Rencontres Statistiques Lyonnaises

Multi-armed bandits, from the original theory to recent advances

par Vianney Perchet

Europe/Paris
Fokko du Cloux (Bât. Braconnier)

Fokko du Cloux

Bât. Braconnier

Description
In the first part of this talk, I will present the problem of sequential allocations called « multi-armed bandit ». Given several i.i.d. processes, the objective is to sample them sequentially (and thus get a sequence of random rewards) in order to maximize the expected cumulative reward.

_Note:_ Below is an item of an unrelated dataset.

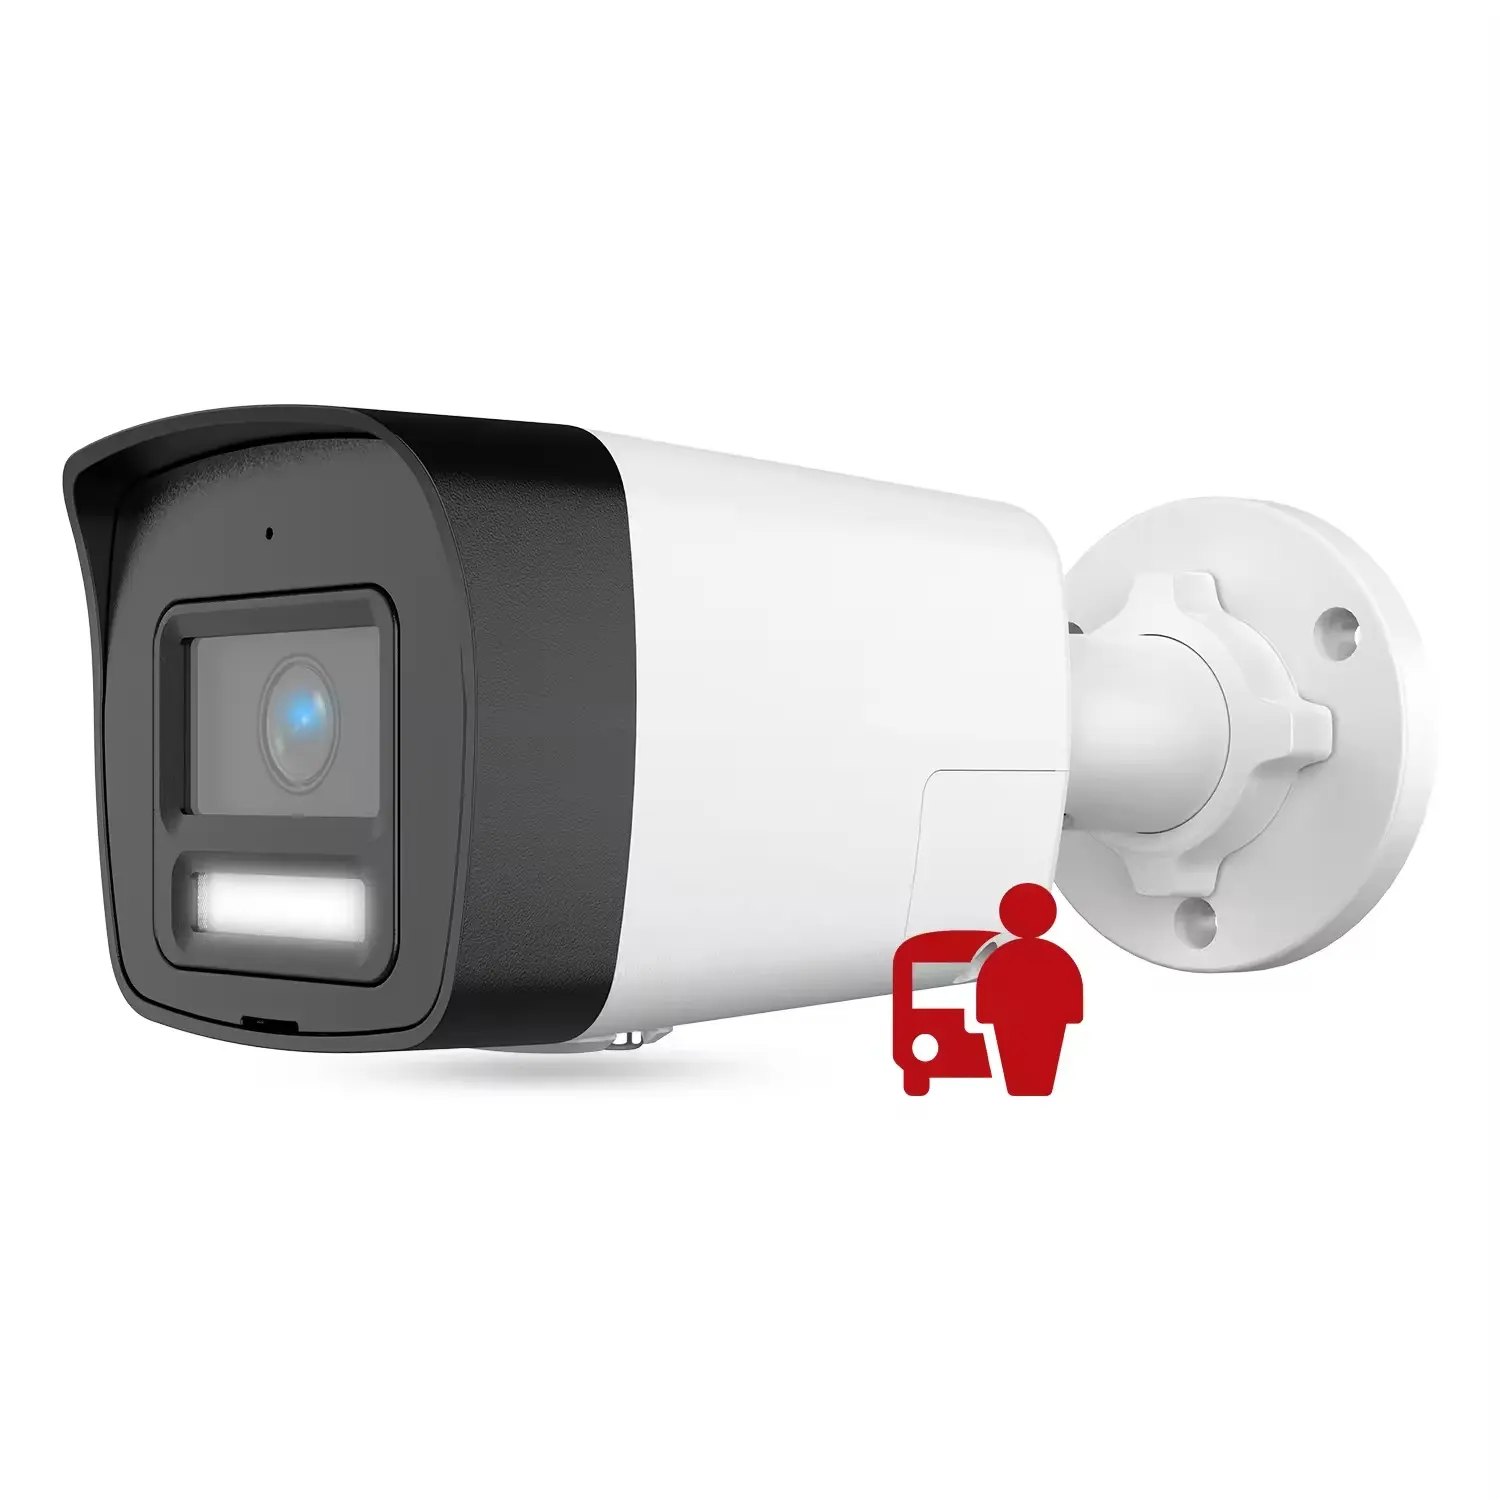 HK 4K 8MP caméra IP CCTV balle POE couleur double lumière vision nocturne détection humaine/véhicule prise en charge de la fente pour carte audio WDR

This framework simultaneously encompasses issues of estimation and optimization (the so-called « exploration vs exploitation » dilemma). A recent successful example of applications is the ad placement on web sites.  In the second part, I will focus on how to handle the real constraints of some practical exploration-exploitation problems, namely random clinical trials and repeated auctions. The first ones usually consist of a small number of phases (typically three or four). The first phase is a pilot study and treatment can be allocated at random. In the following phases, treatments are re-allocated depending on the result of the pilot study (and the subsequent phases). We will show how to theoretically choose the sizes of these phases and we shall look whether having more phases leads to significant improvements. In repeated auctions, the optimal strategy is more or less clear if the valuations of the goods sold are known. Unfortunately, this is not the case in most of internet induced problems. The objectives are to construct non-trivial bidding and learning strategies; the crucial difficulty being that the bidding space is continuous and reward functions typically non-continuous.